What ‘Avatar’ taught me about cooking

December 23rd, 2009 by lynn under Humour and Leisure

*spoiler alert* Spoilers for Avatar 3D ahead!

Ha, seriously, what COULD a sci-fi film teach me about cooking? Food isn’t even a big deal in the movie – the only time you ever really see food is when Jake is hurriedly scarfing down scrambled eggs. ‘Julie and Julia’ this ain’t.

So it doesn’t actually tell you HOW to cook food, but it sure gave me a new perspective on food preparation. Or rather, why I should seriously bone up on my cooking chops, because “all energy is borrowed”.

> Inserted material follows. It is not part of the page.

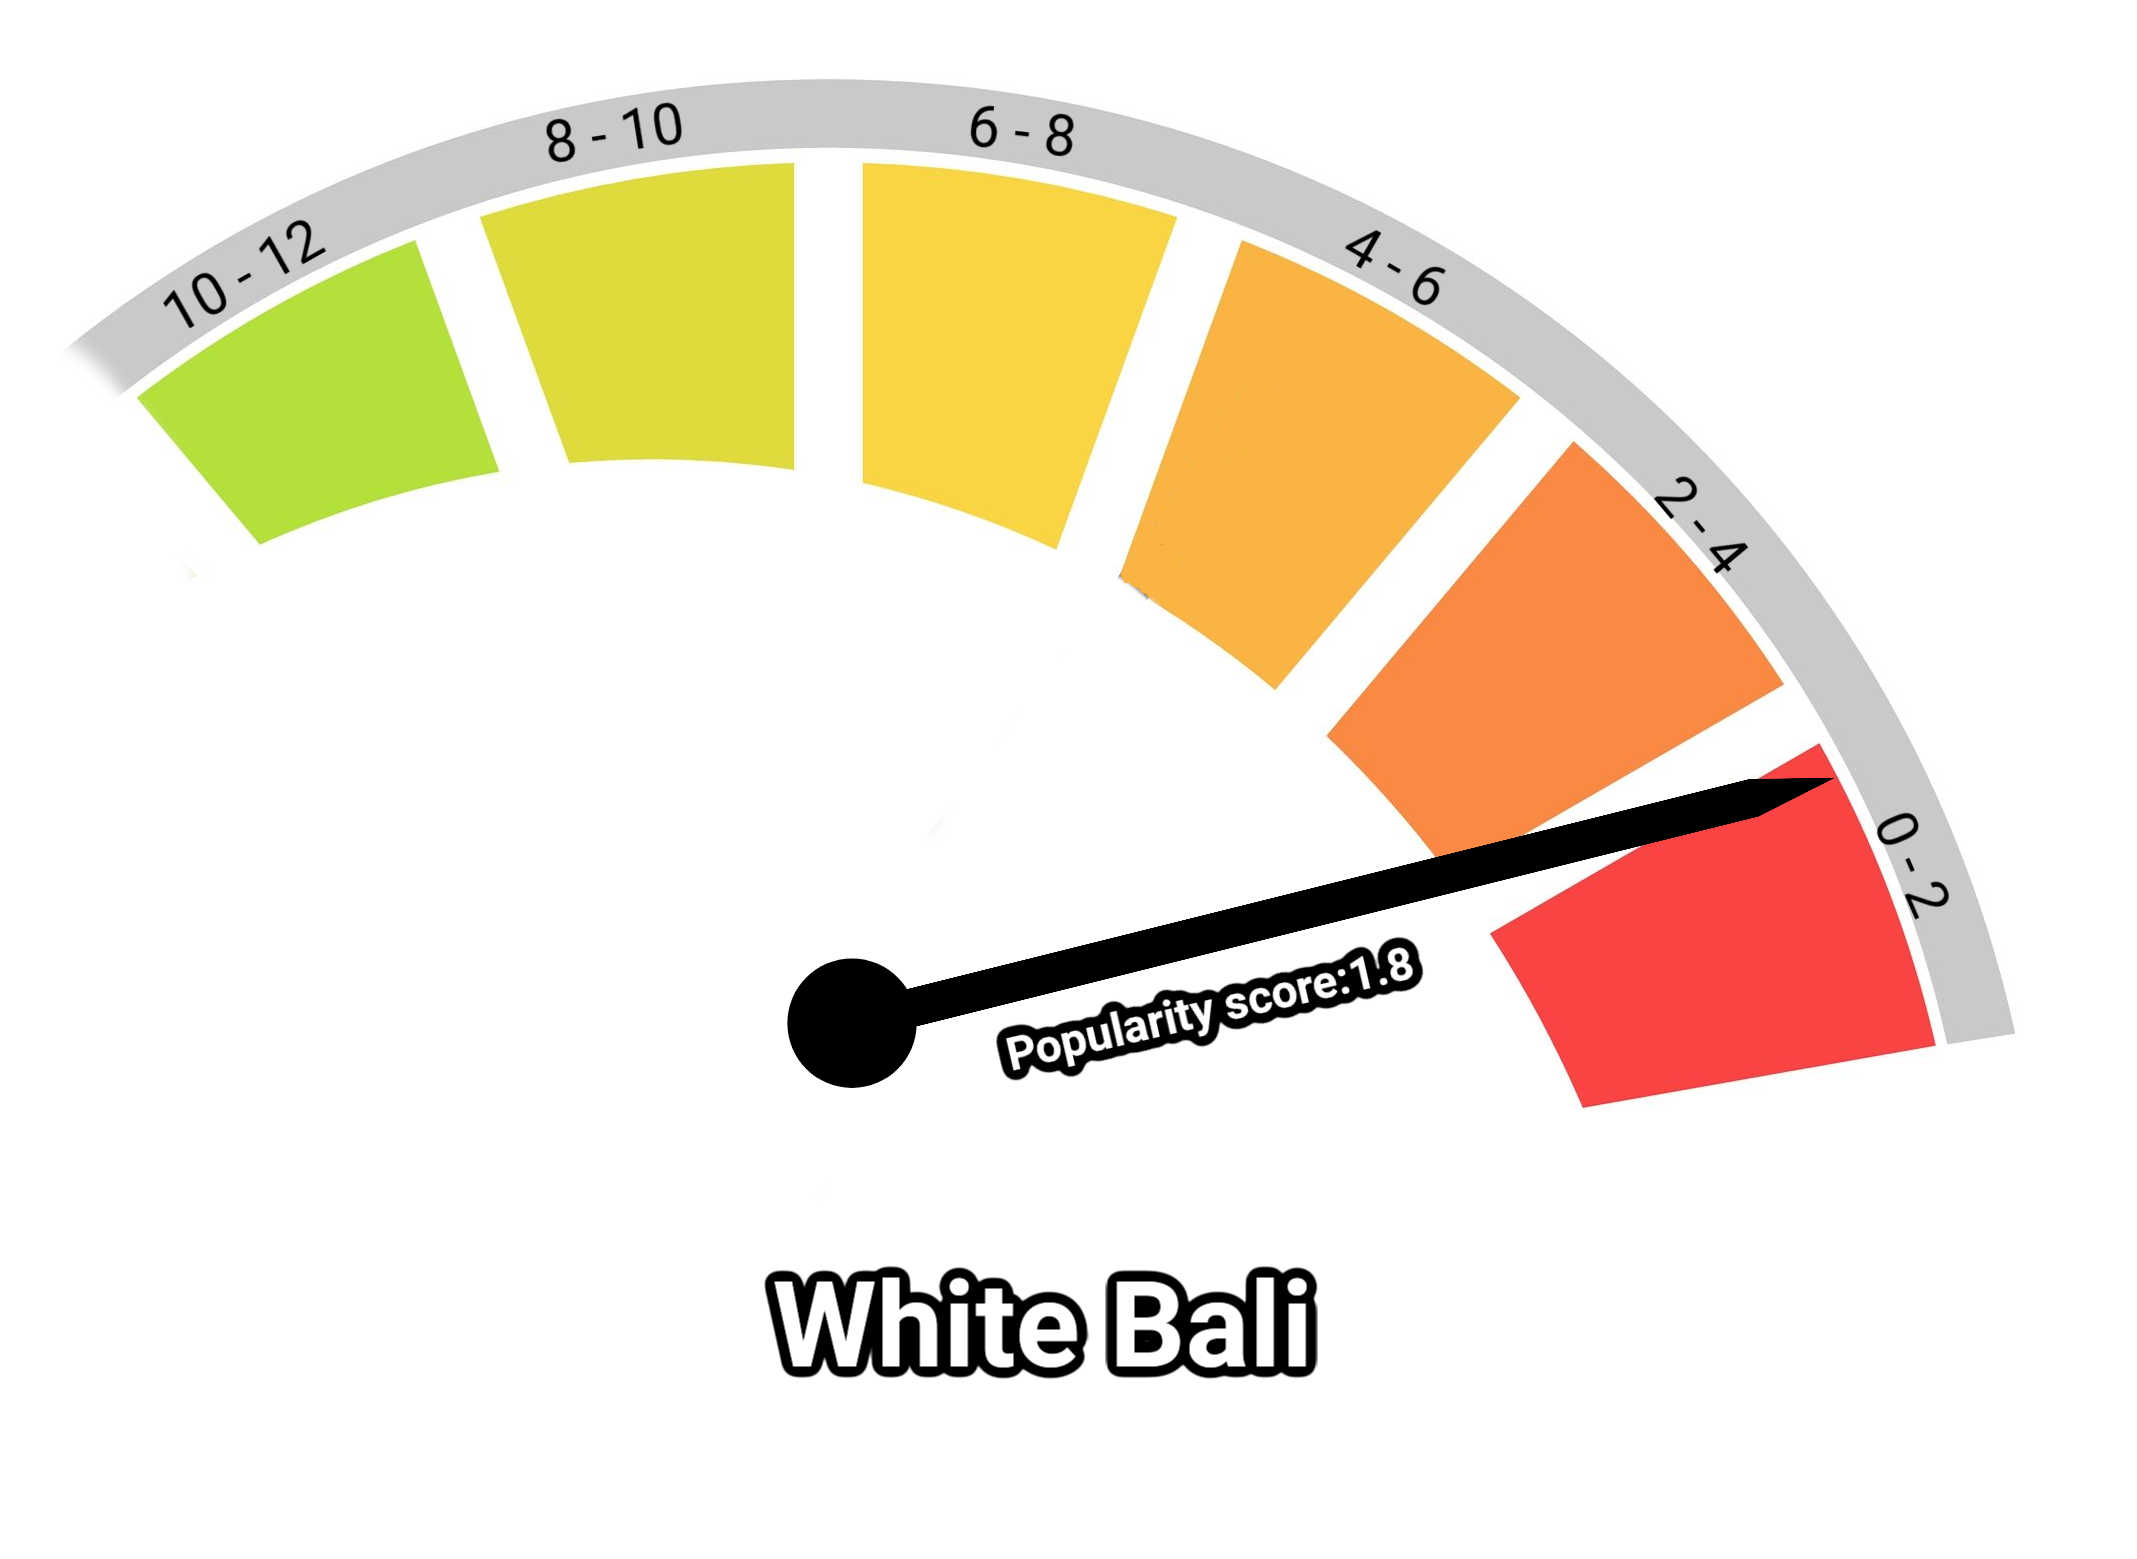 image of white bali kratom popularity score

Things die so that you can live. This is true not only of meat, but also of vegetables, fruit and grains. Of course, you can eat fruit without killing the tree, but you can also eat eggs without killing the chicken. Same thing. If you eat rice, the rice plant doesn’t regrow. You eat a carrot, the carrot doesn’t regrow. To me, plants and animals are just different forms of the same thing – energy. We borrow energy from the earth to feed ourselves, and when we die, we return this energy to the earth. That’s what I interpret the Na’vi standpoint to be, anyway. Caveat: this doesn’t mean I gotta eat everything on this earth. I reserve the right not to eat humans, pet animals, certain yucky plants, etc.

So what’s this got to do with food? Just that I should really be a competent cook, so as to do justice to the plants and animals that died so that I may eat. I also don’t like wasting food, because it’s tantamount to throwing away the sacrifice of the living thing that produced what is on your plate. Just as Jakesully gave thanks to the deer for its sacrifice to feed his people, so should we give thanks to whatever animal or plant ended up on our plate. But of course I don’t think they have any spirits going off to live in whatever sacred tree.

It just boils down to one word: Respect for your food. And being a bad cook is really just disrespectful, because it perverts what should have been tasty into something that is not. Imagine if you were a chicken and you died to make chicken curry, but it was a really horrible curry. Wouldn’t you be pissed to see that your sacrifice amounted to this?

I’m taking “food worship” to a whole new level.